• [GOAL OF THE EXERCISE] Return the data below exactly as given, except for the images.

• [DATA BELOW]
-- Opening Marker --
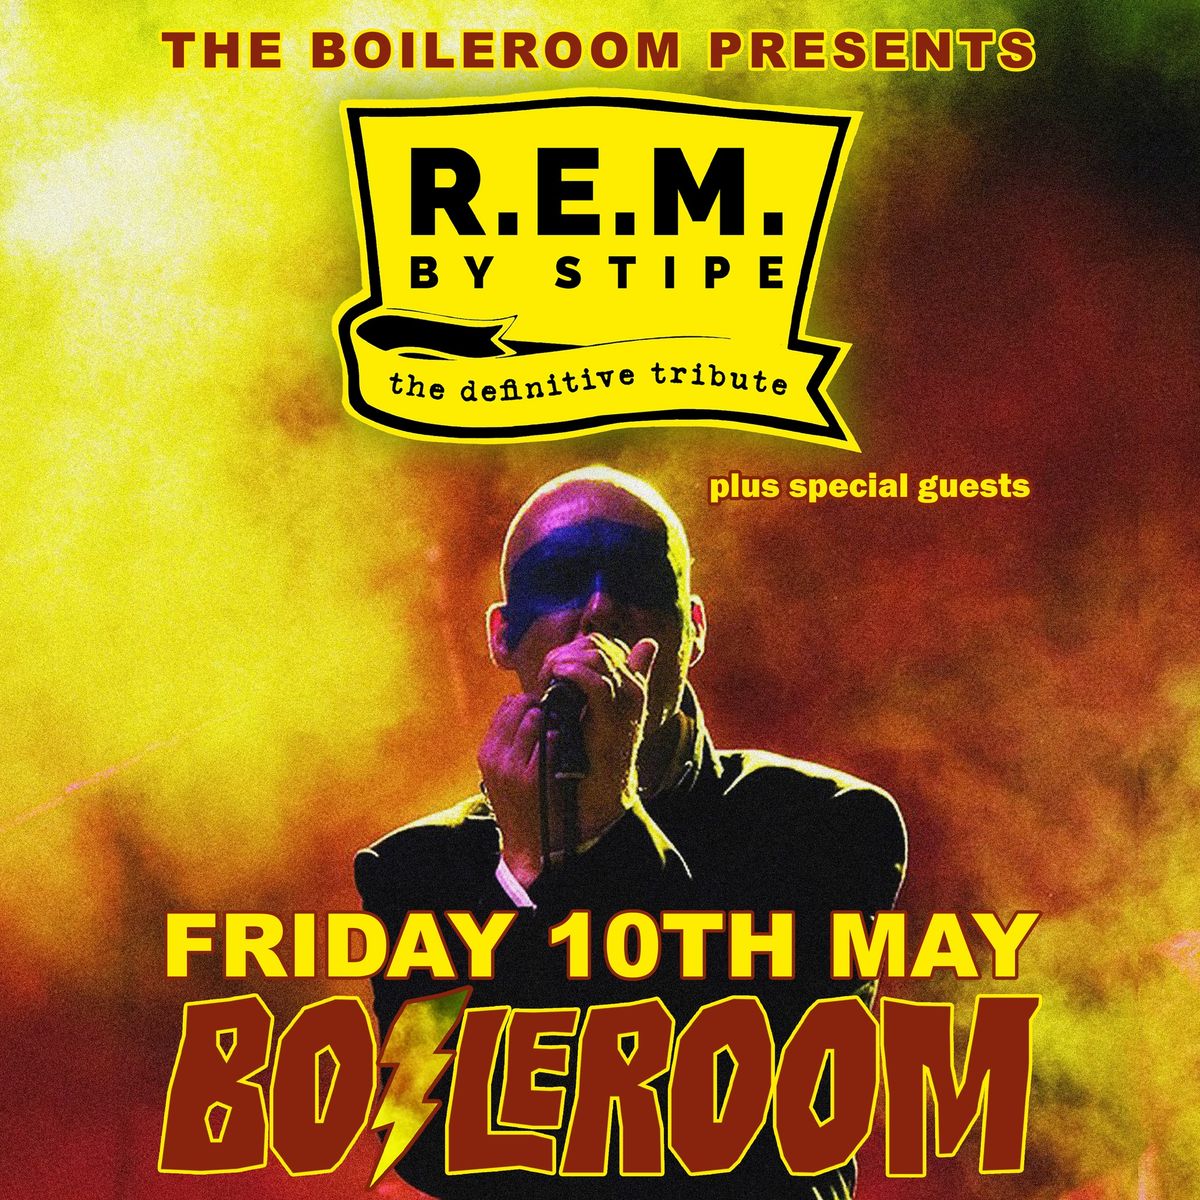 R.E.M. by Stipe - The Boileroom, Guildford
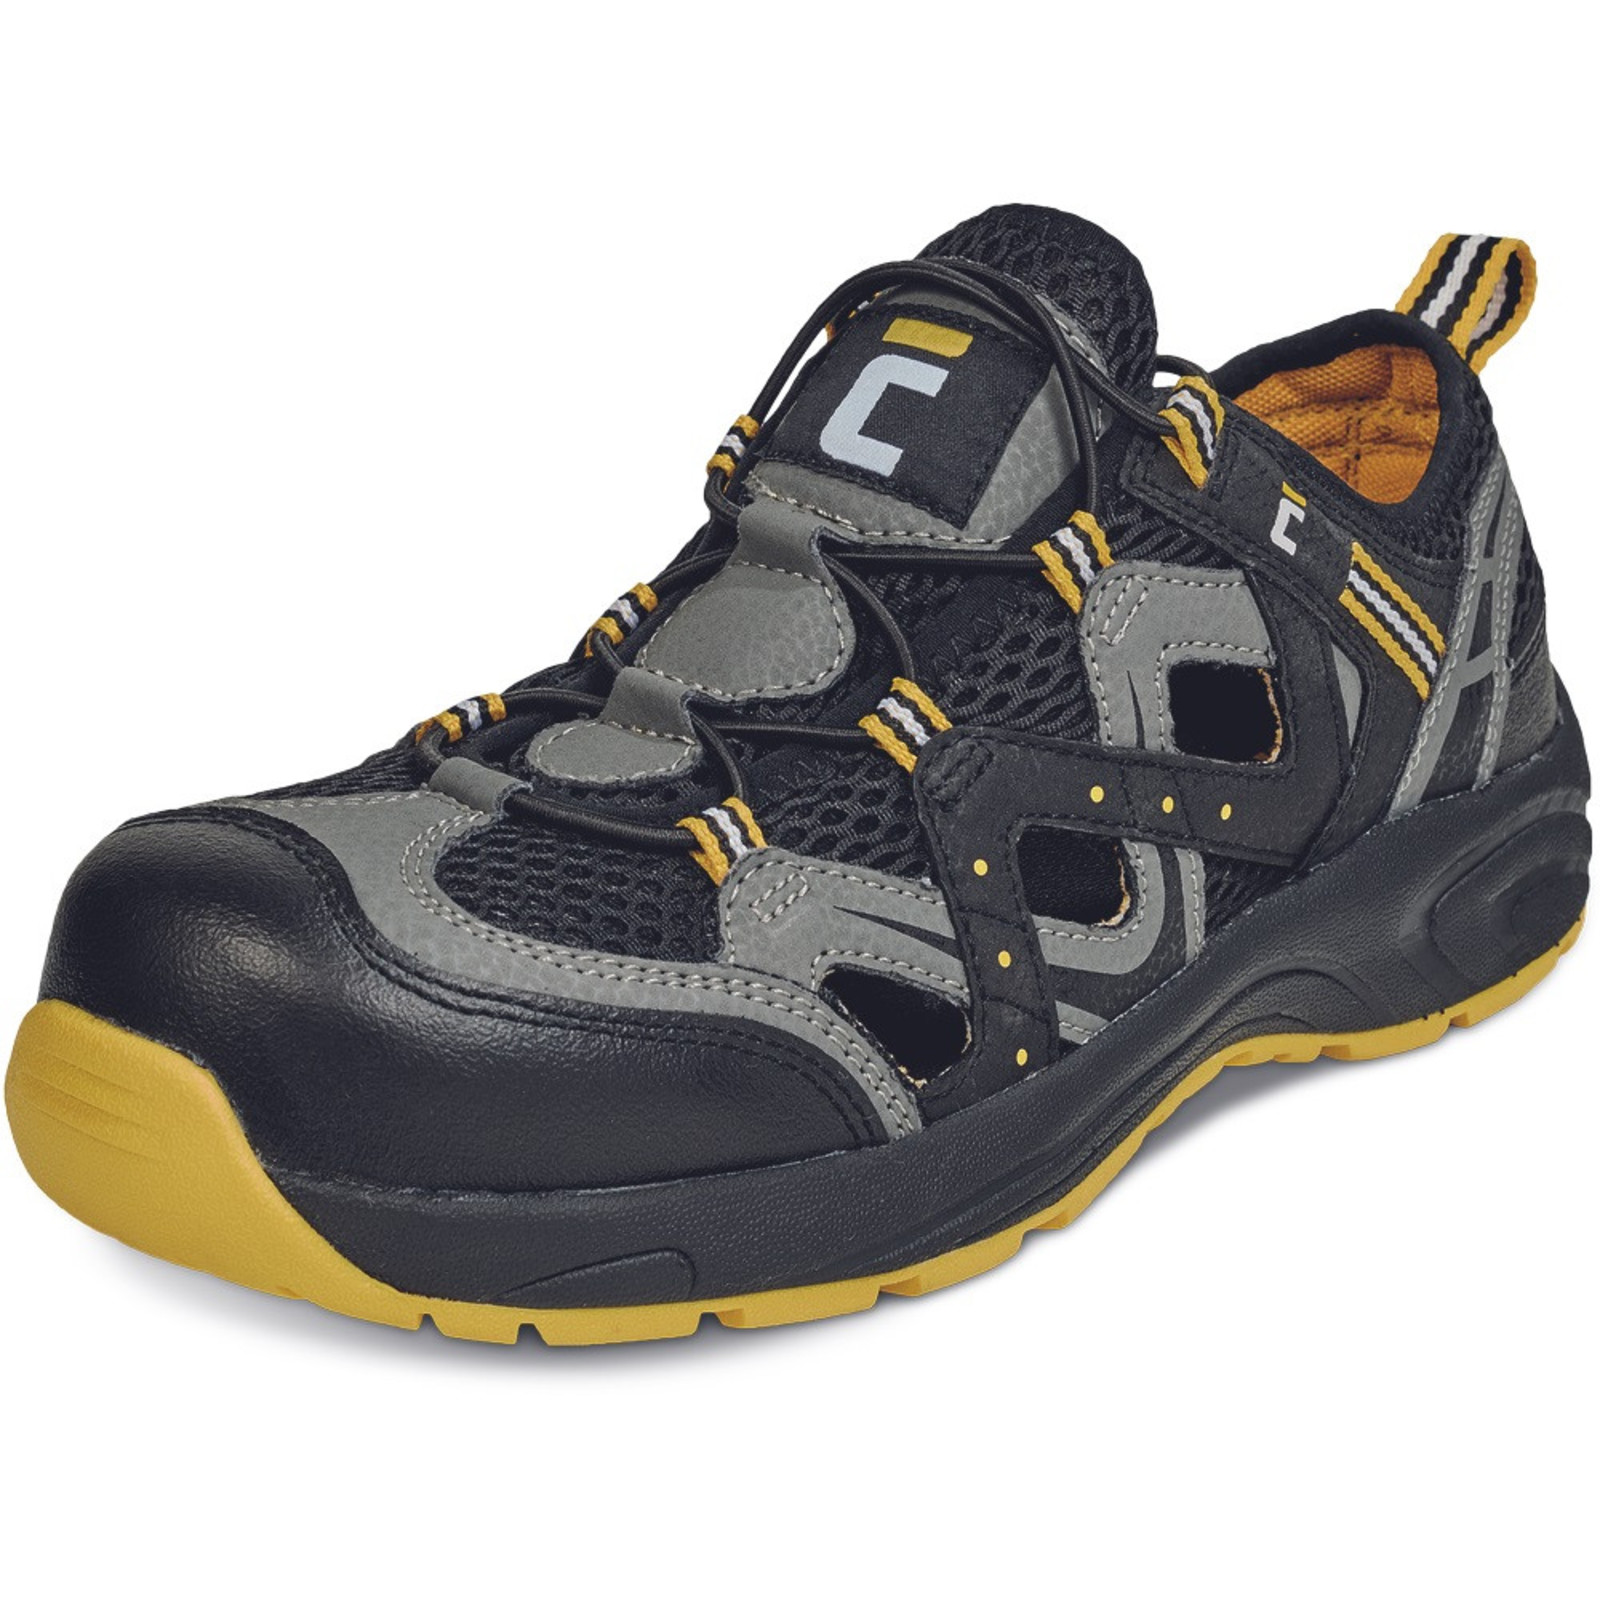 Pracovné sandále Cerva Henford O1 SRC - veľkosť: 36, farba: čierna/žltá
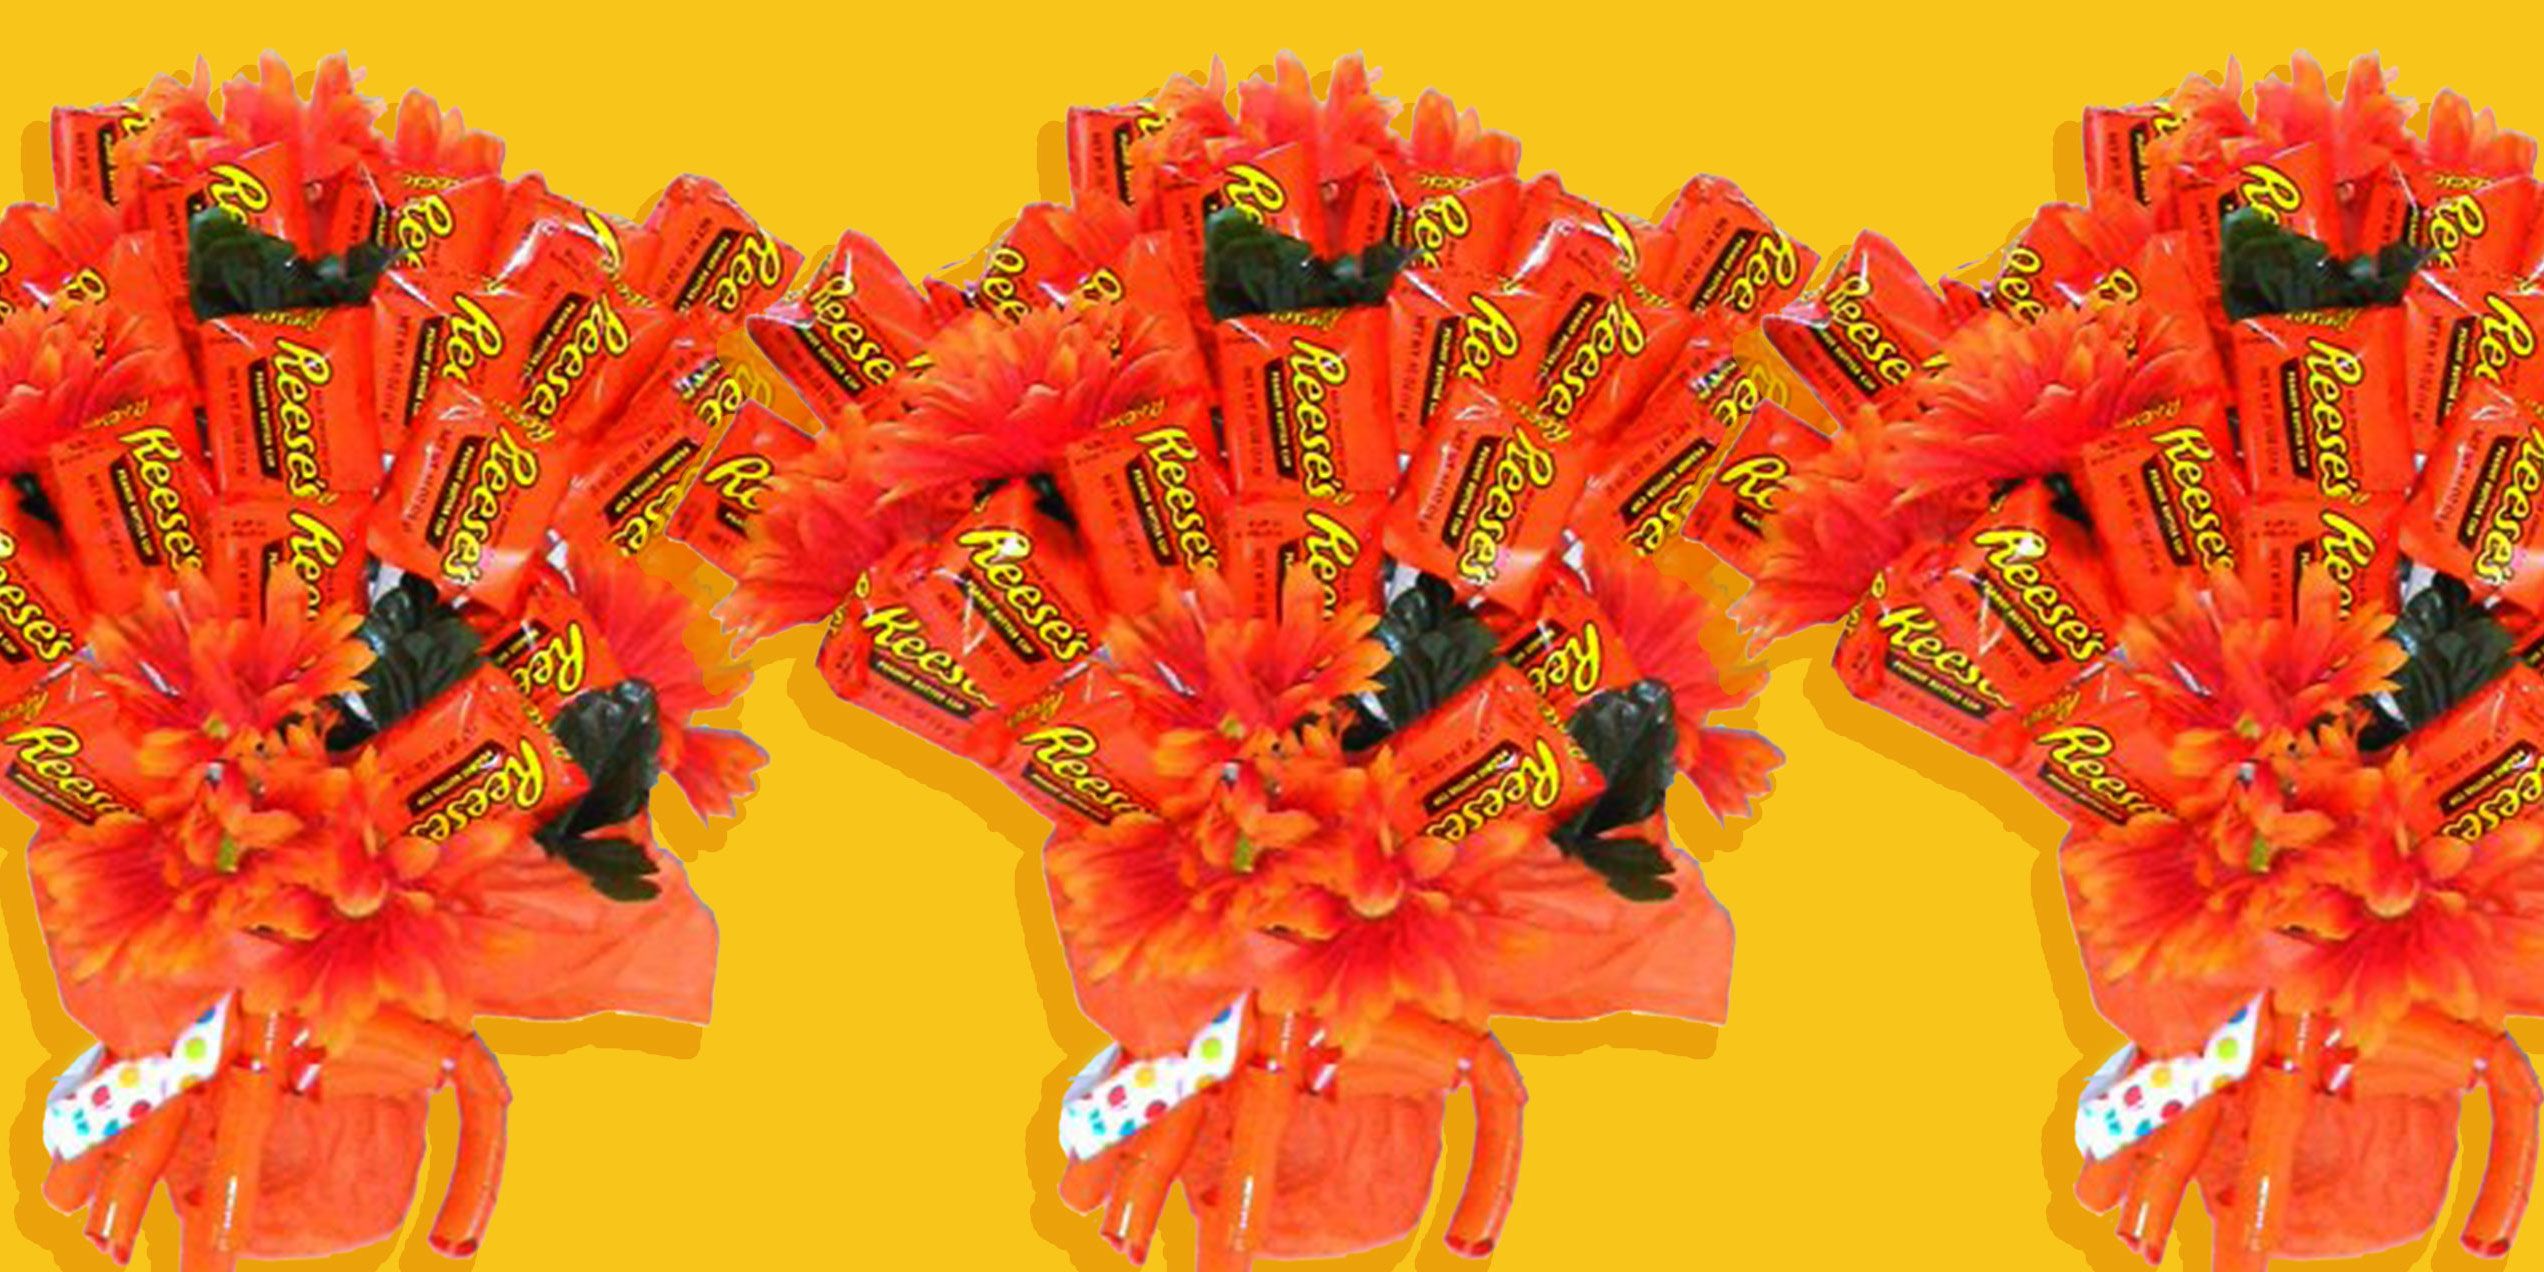 Peanut Butter M&M's Candy Bouquet
-- Closing Marker --
• [RESULT FOR THIS TASK]
 R.E.M. by Stipe - The Boileroom, Guildford
 Pracovné sandále Cerva Henford O1 SRC - veľkosť: 36, farba: čierna/žltá
 Peanut Butter M&M's Candy Bouquet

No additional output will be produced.